Здесь все — вроде и настоящее, и все же такое чудное, непонятное, и очень почему‑то похожее на декорации. Внизу, около лестницы, росли фруктовые деревья, уже чувствовался аромат зелени и плодов. Но все равно яблоки и сливы были похожи на нарисованные, слишком они были большие и яркие. Представилось — стемнеет, а над крышами взойдет круглая луна, которую сделают за темной тканью неба из лампы осветители. И солнце, которое я увидела на ярко — голубом небе, тоже казалось лампой.

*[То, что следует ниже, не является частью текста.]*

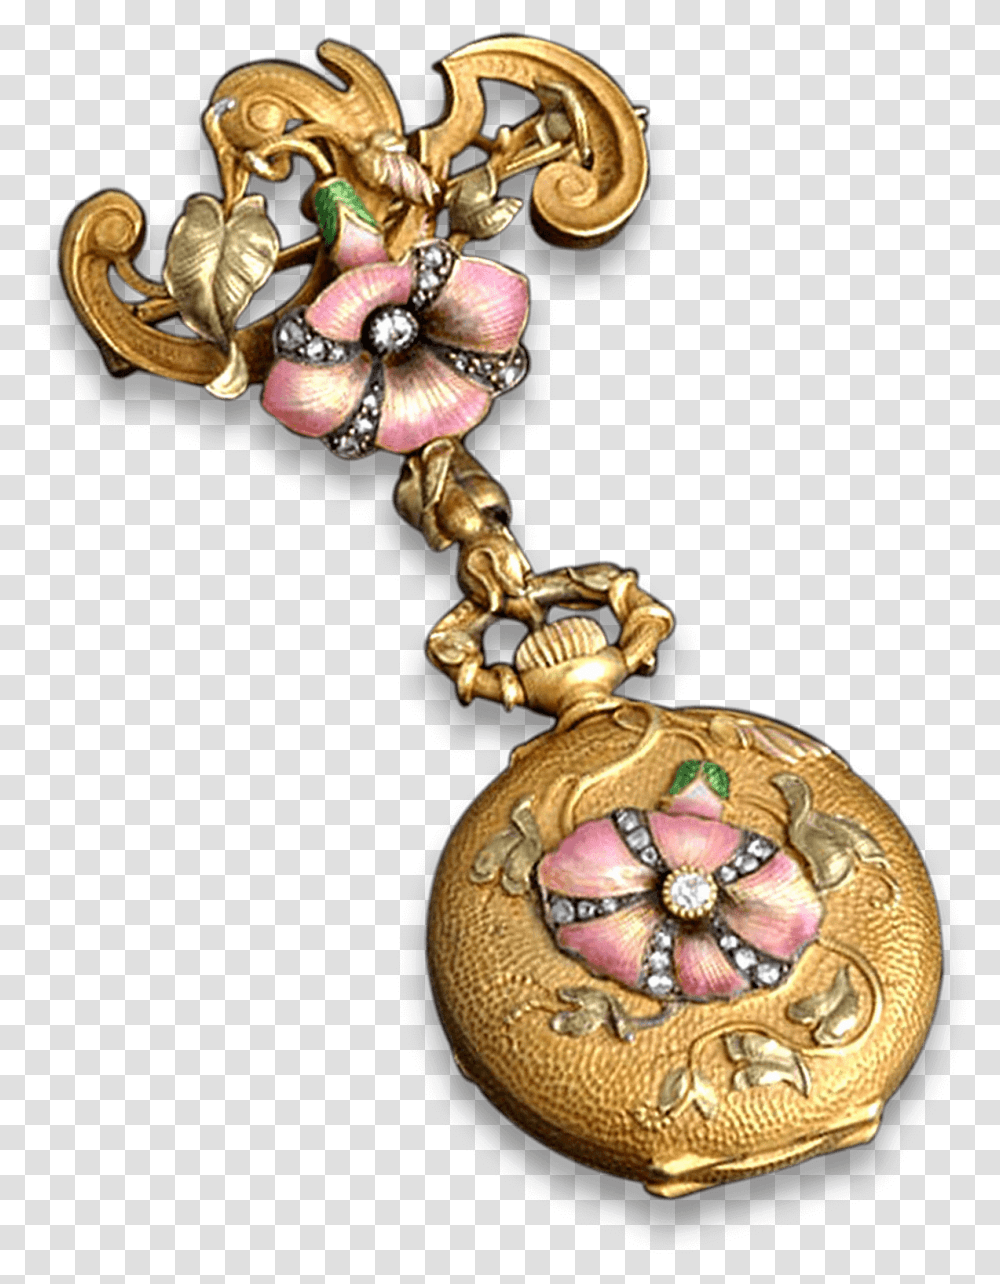 French Art Nouveau Watch Pendant Art Nouveau Jewelry, Accessories, Accessory, Locket, Gold Transparent Png

Когда я сошла с лестницы на траву, ко мне подбежали сразу несколько людей. Одеты они были в старомодную одежду, как одевались лет двести или сто назад. Все смотрели на меня с любопытством.
— Позвольте узнать, давно ли вы здесь? — спросил один из жителей этого странного мира. Слова он произносил с непривычным выговором, наверно, так говорили очень давно, тоже лет двести назад. Я показала рукой на лестницу и вверх.
— Я лежала в лазарете. А потом одна стена вдруг пропала и появилась вот эта лестница. Видите, вон там — комната, печка чуть — чуть видна.
К нам подходили другие, также непривычно одетые люди, смотрели на меня и вверх, на то место, где я видела лестницу. Потом тот же, кто начал разговор, сказал:
— Что‑то вы путаете, любезная барышня, никакой лестницы тут нет. И наверху ничего нет, кроме неба. Многие из нас тоже спускались по такой лестнице, но она сразу исчезала — таинственным образом, так же непостижимо, как появлялась, и сейчас я тоже ничего не вижу.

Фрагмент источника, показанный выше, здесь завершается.